Dr. Norman agreed. Most of the kidney patients he cares for who are hoping for a transplant have been on dialysis, “which they do not like. They are doing whatever they can to make sure they don’t go back on dialysis. As a group, they tend to be very adherent, very safety conscious because they understand their risk and they understand the gift they have received [or will receive] through transplantation. They want to do everything they can to respect and protect that gift.”

Not surprisingly, some on the transplant list who are vaccinated have strong opinions about those who refuse to get the vaccine. Dana J. Ufkes, 61, a Seattle realtor, has been on the kidney transplant list – this time – since 2003, hoping for her third transplant. When asked if potential recipients should be removed from the list if they refuse the COVID vaccine, her answer was immediate: “Absolutely.”

At age 17, Ms. Ufkes got a serious kidney infection that went undiagnosed and untreated. Her kidney health worsened, and she needed a transplant. She got her first one in 1986, then again in 1992.

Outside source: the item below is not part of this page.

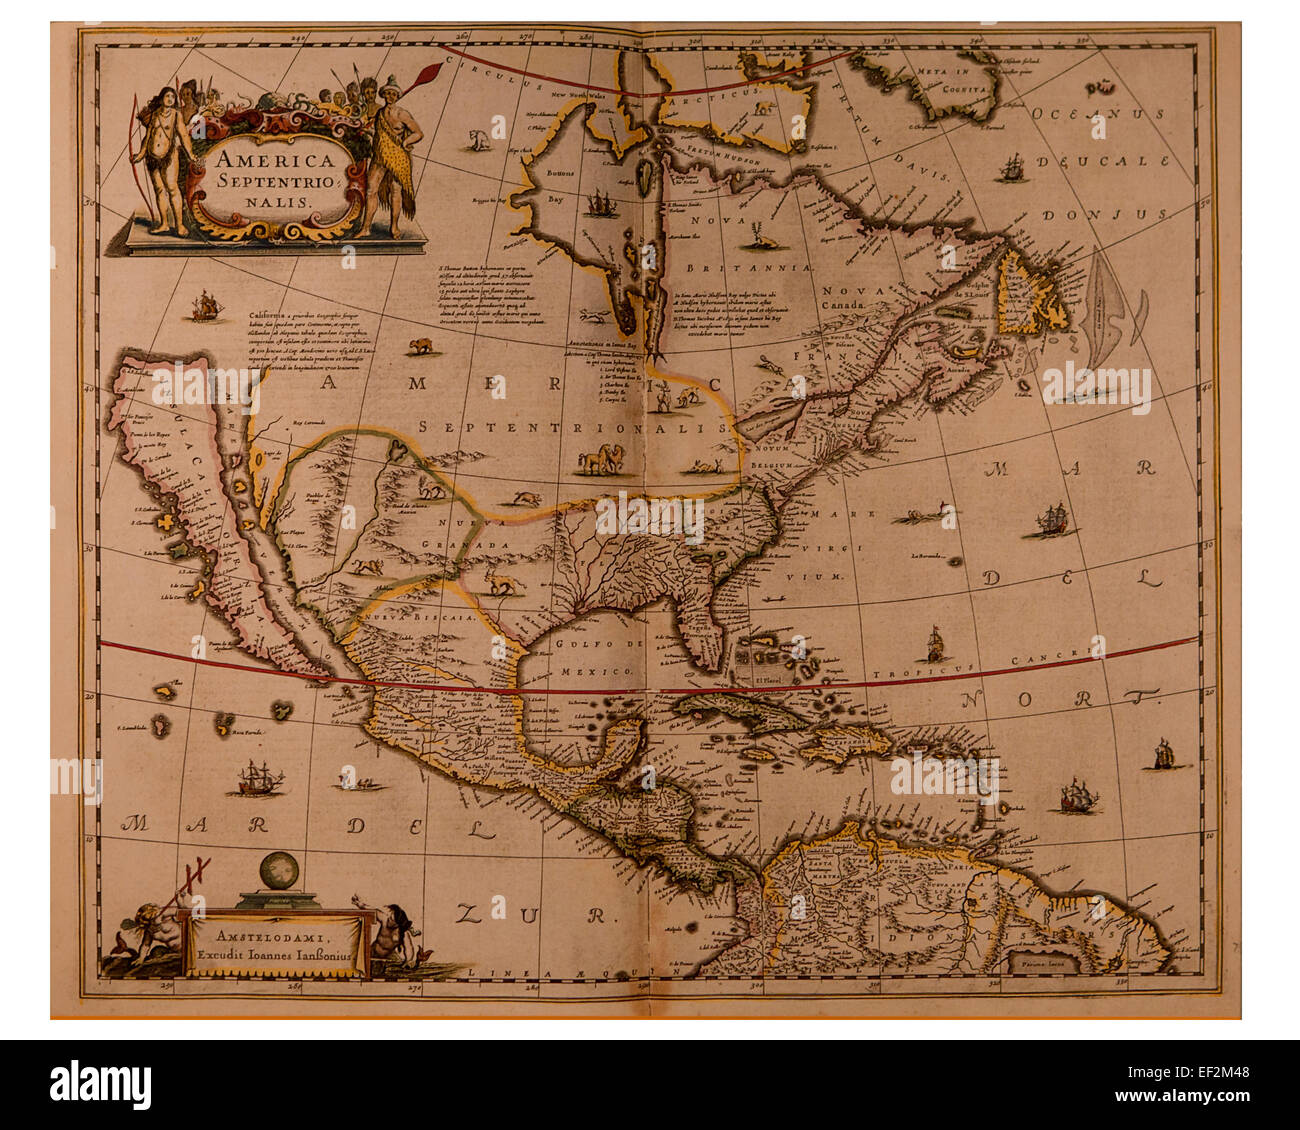 America Septentrionalis map made by Jan Jansson, circa 1641 Stock Photo

“They last longer than they used to,” she said. But not forever. (According to the American Kidney Fund, transplants from a living kidney donor last about 15-20 years; from a deceased donor, 10-15.)

The decision to decline the vaccine is, of course, each person’s choice, Ms. Ufkes said. But “if they don’t want to be vaccinated [and still want to be on the list], I think that’s BS.”

Citing the lack of organs, “it’s not like they are handing these out like jellybeans.”

A version of this article first appeared on WebMD.com.